Il a souligné que les parents peuvent, par moment, s’inquiéter de l’agressivité, voire de la violence des paroles de leurs enfants.  « Faites-lui simplement savoir que vous êtes là s’il a besoin de parler et qu’il n’y a pas de sujet tabou, car une bonne communication est souvent la clé de la crise », conseille le psychologue.

DELICATE APPROCHE : Le psychologue a aussi analysé que les conséquences peuvent être graves pour l’adolescent, parce que la mauvaise gestion de ces crises crée des problèmes chez l’adolescent, qui deviendront profonds par la suite, complexes et parfois pathologiques. Il soutient que la crise peut s’exprimer à travers différents symptômes tels qu’angoisse, anxiété, phobie, dépression, addiction, comportements asociaux ou trouble du comportement.

Pour le spécialiste, il est important de trouver un style parental équilibré propice à une communication saine, au respect et à la stabilité. « Les adolescents ont besoin d’autorité dans leur vie pour leur assurer stabilité et sécurité, mais ils ont, aussi, besoin de quelqu’un à qui parler et se confier.

I »l y a trois principales raisons aux fugues d’adolescents : manque de communication avec les parents, inaptitude à faire face à leurs problèmes personnels; maltraitance par  des parents ou des proches », a-t-il développé.

Pour gérer la crise d’adolescence, il conseille aux parents de dédramatiser le passage à l’adolescence, d’accepter de faire face aux changements qu’implique la puberté « car votre enfant se pose plein de questions sur lui-même » Un parent doit accepter de contextualiser les choses mais, aussi et surtout, d’être clair sur la question des interdits parce qu’il arrive, très souvent, que l’enfant défie l’autorité du parent parfois même avec violence. Il peut se rebeller, ne pas cesser de vous faire des reproches.

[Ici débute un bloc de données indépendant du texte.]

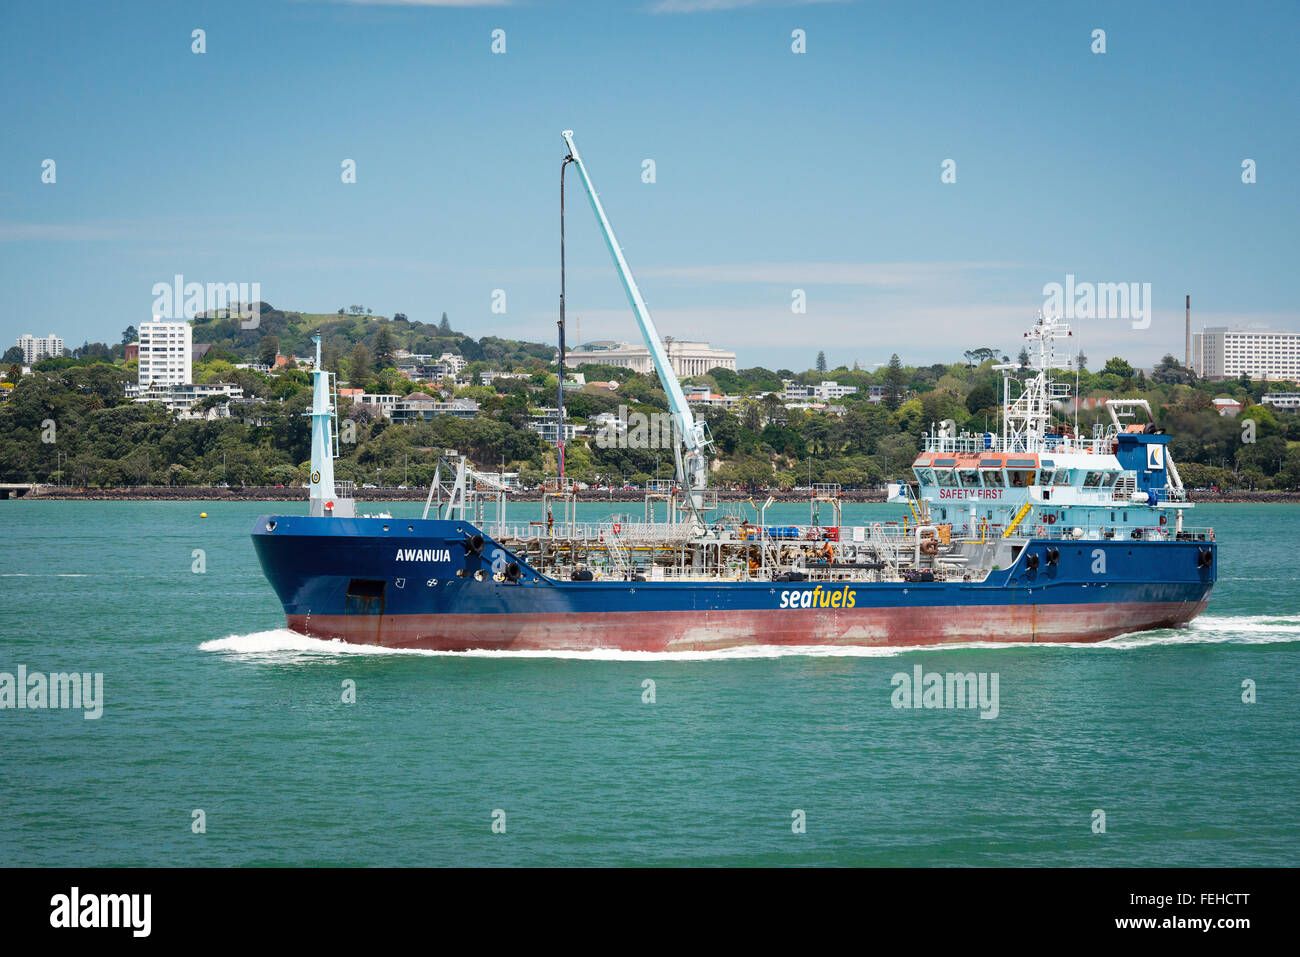 AUCKLAND, NEW ZEALAND - NOV 8 2015: Seafuel tanker Awanuia sailing on bay. Seafuel tanker provides refuelling vessel service. Stock Photo

En outre, il faut savoir que la présence des grands-parents en famille a un effet positif sur le mental des enfants. Cette présence assure une sécurité à l’enfant et serait l’une des raisons de développement du cerveau. Le fait de dire des contes ou lire des histoires à l’enfant, le rend capable de maitriser ses pulsions et lui donne le goût de la lecture. Et, enfin, il faut valoriser la communication, « car plus il y a d’échange entre parent et enfant, plus le cerveau de ce dernier se développe et il en sort intelligent et sage.